Thursday, May 24, 2007

KDnuggets 2007 Poll

The frenzy surrounding the annual software poll KDnuggets is finally over. The results are available at:

Data Mining / Analytic Software Tools (May 2007)

A number of statistical issues have been raised regarding this particular survey, but I will highlight only one here: The survey now includes separate counts for votes cast by people who voted for a single item, and those who voted for multiple items. Partially, this is in response to "get out the vote" efforts made by some vendors.

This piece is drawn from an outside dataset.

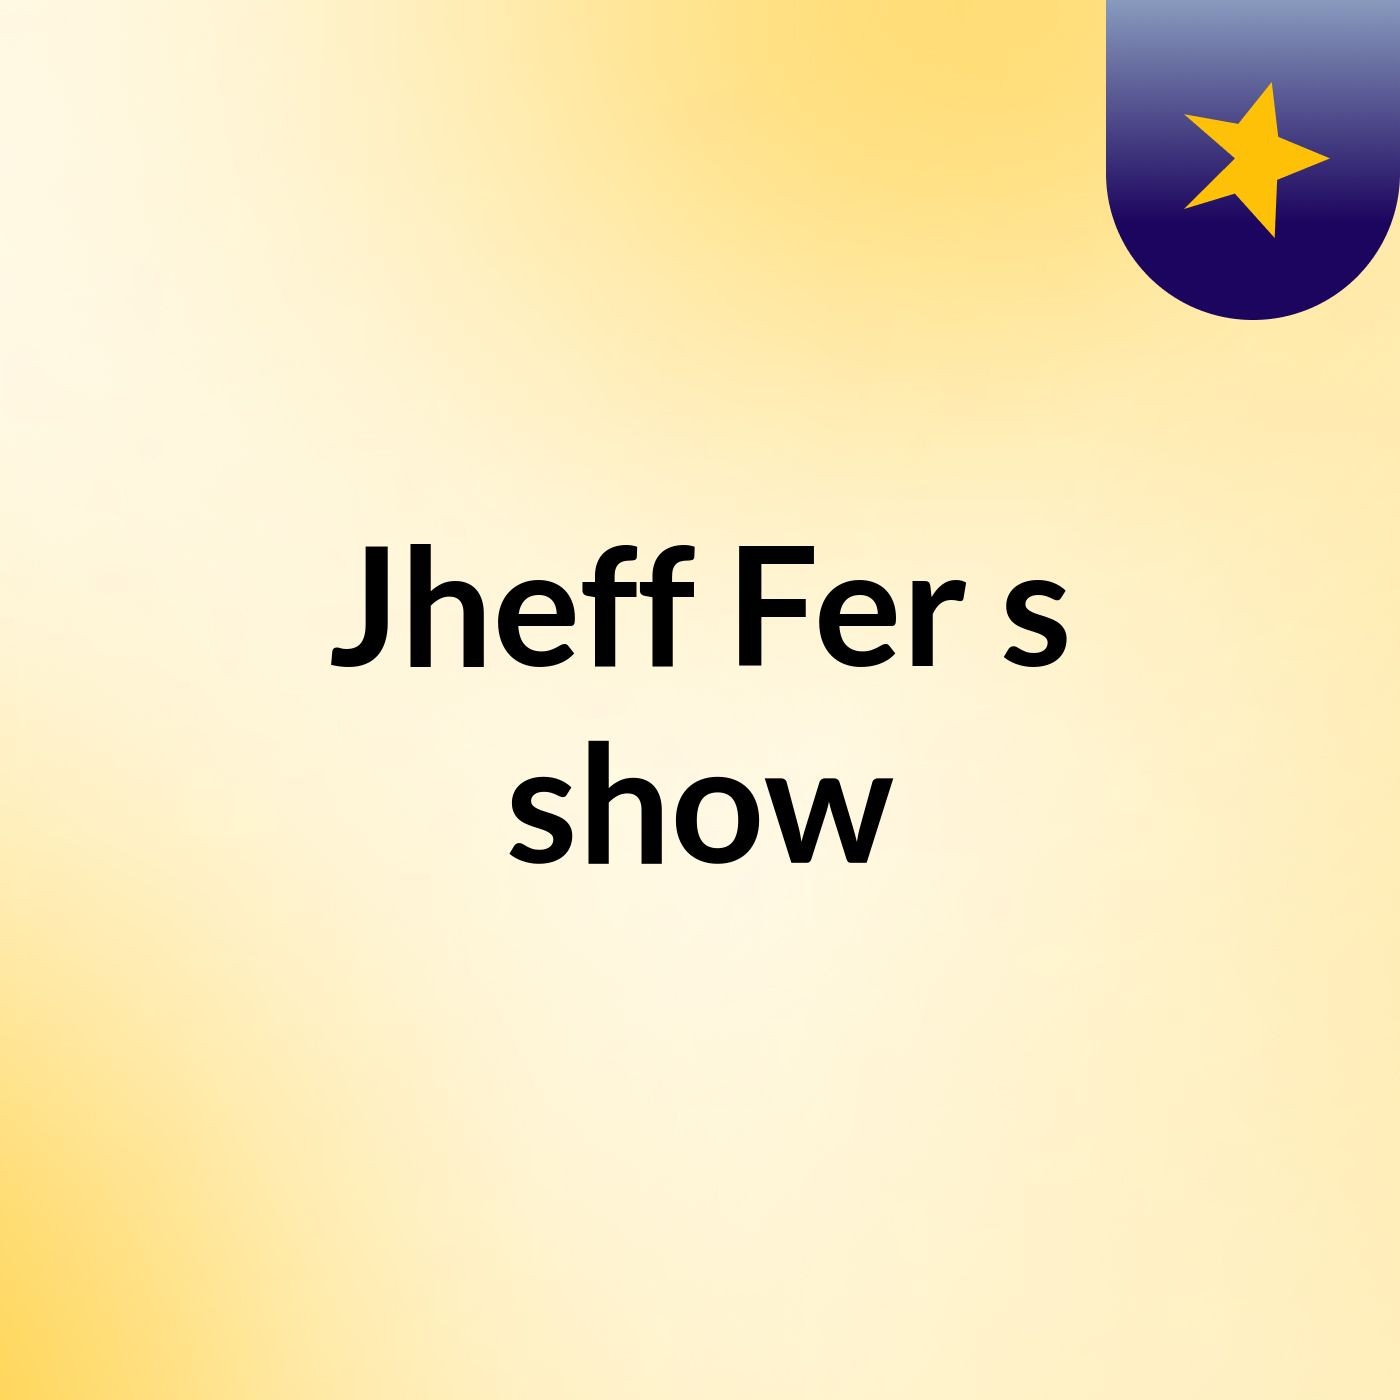 Jheff Fer's show

Anyway, some interesting highlights:

1. Free tools made a good showing. In the lead among free tools: Yale (103 votes).
2. "Your Own Code" (61 votes) did respectably well.
3. Despite not having data mining-specific components, MATLAB (30 votes), which is my favorite tool, was more popular than a number of well-known commercial data mining tools.


Jeff Zanooda said...

Another interesting question would be "what's your N"? The size of the data affects the choice of algorithms and tools, and one would expect very different results from people working with relatively small datasets (hundreds or thousands of observations) vs. large datasets (tens of thousands or more observations).

Sandro Saitta said...

I definitely agree with Jeff and I think the same remark is also valid for where you work (i.e. research or industry). For example, in research, people are usually using tools such as Matlab, Excel, R, Yale, Weka, etc. simply because they are either free or the university will pay for them. Instead of separating commercial and free data mining softwares, it would be interesting to see the results of two polls, separating research and industry users.

Will Dwinnell said...

You both make good points. It'd also be interesting to divide users by thigns like 'number of models deployed' or 'total economic value of models deployed'.

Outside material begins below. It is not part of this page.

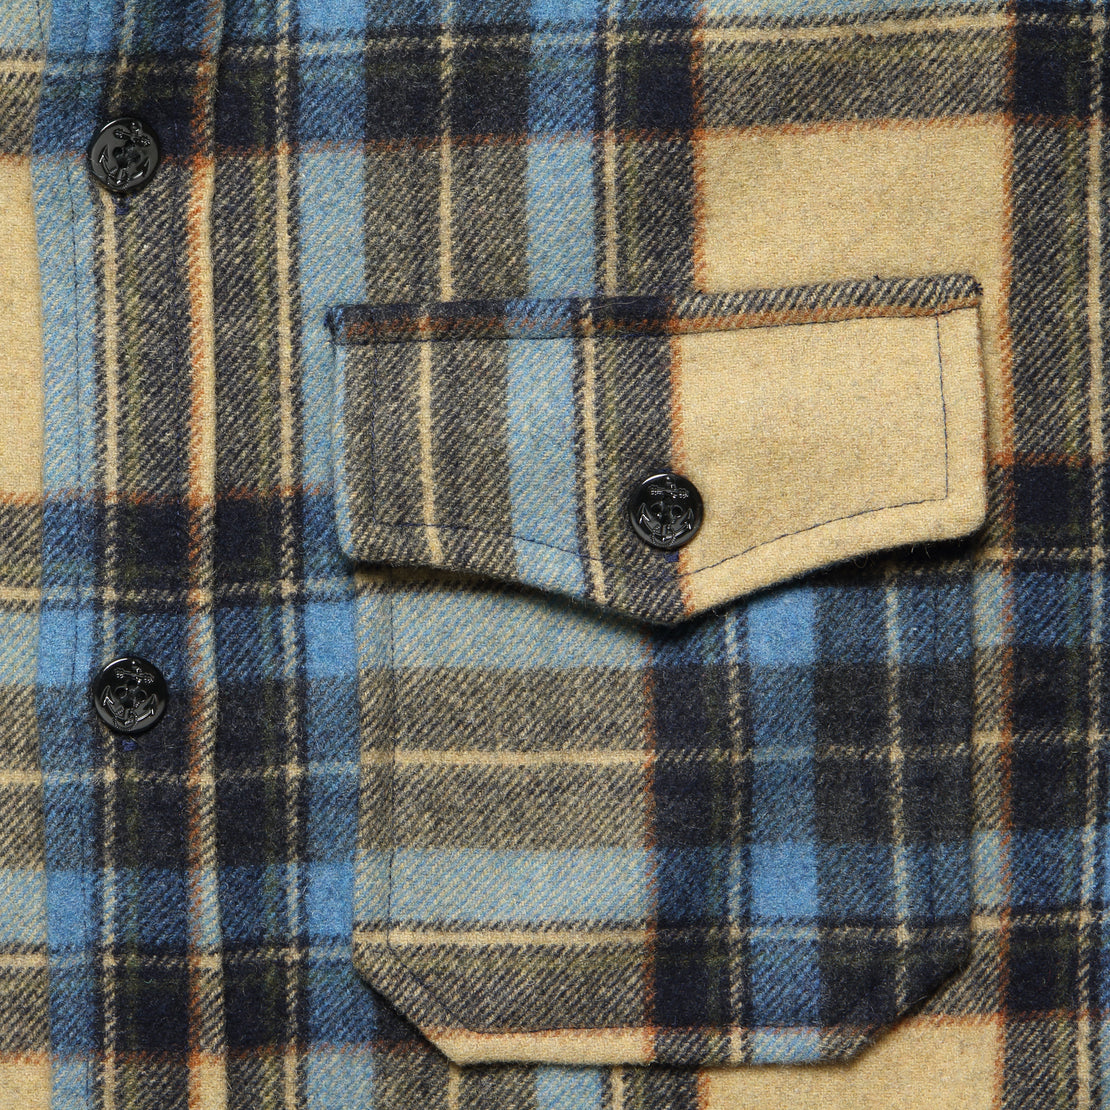 CPO Wool Shirt - Blue/Tan Plaid - Schott - STAG Provisions - Tops - L/S Woven - Overshirt

For the record, I work in industry and I use MATLAB.

Sandro Saitta said...

I really love Matlab, but it is surprising that it is used in industry. I'm curious on how you deal with the license issue. I mean, not every company has a Matlab license or would like to buy one, right? How do you deal when working with companies that are not using Matlab but are interested in having a program or function they can use/modify?

Will Dwinnell said...

I got my company to buy a (Windows) license. MATLAB on the desktop is cheap, especially compared to some of the data mining applications on the market. Annual maintenance is very cheap.

Dean Abbott said...

Are there royalties for using Matlab source code in production?

Will Dwinnell said...

Typically, I deploy models as generated source code, which means no licensing issues.

Anonymous said...

Do you use the matlab code generation products or translate the model by hand?

Dean Abbott said...

Matlab can export its own code to C (I don't know about other languages)--I've done this before and the code was actually pretty good (and bug free).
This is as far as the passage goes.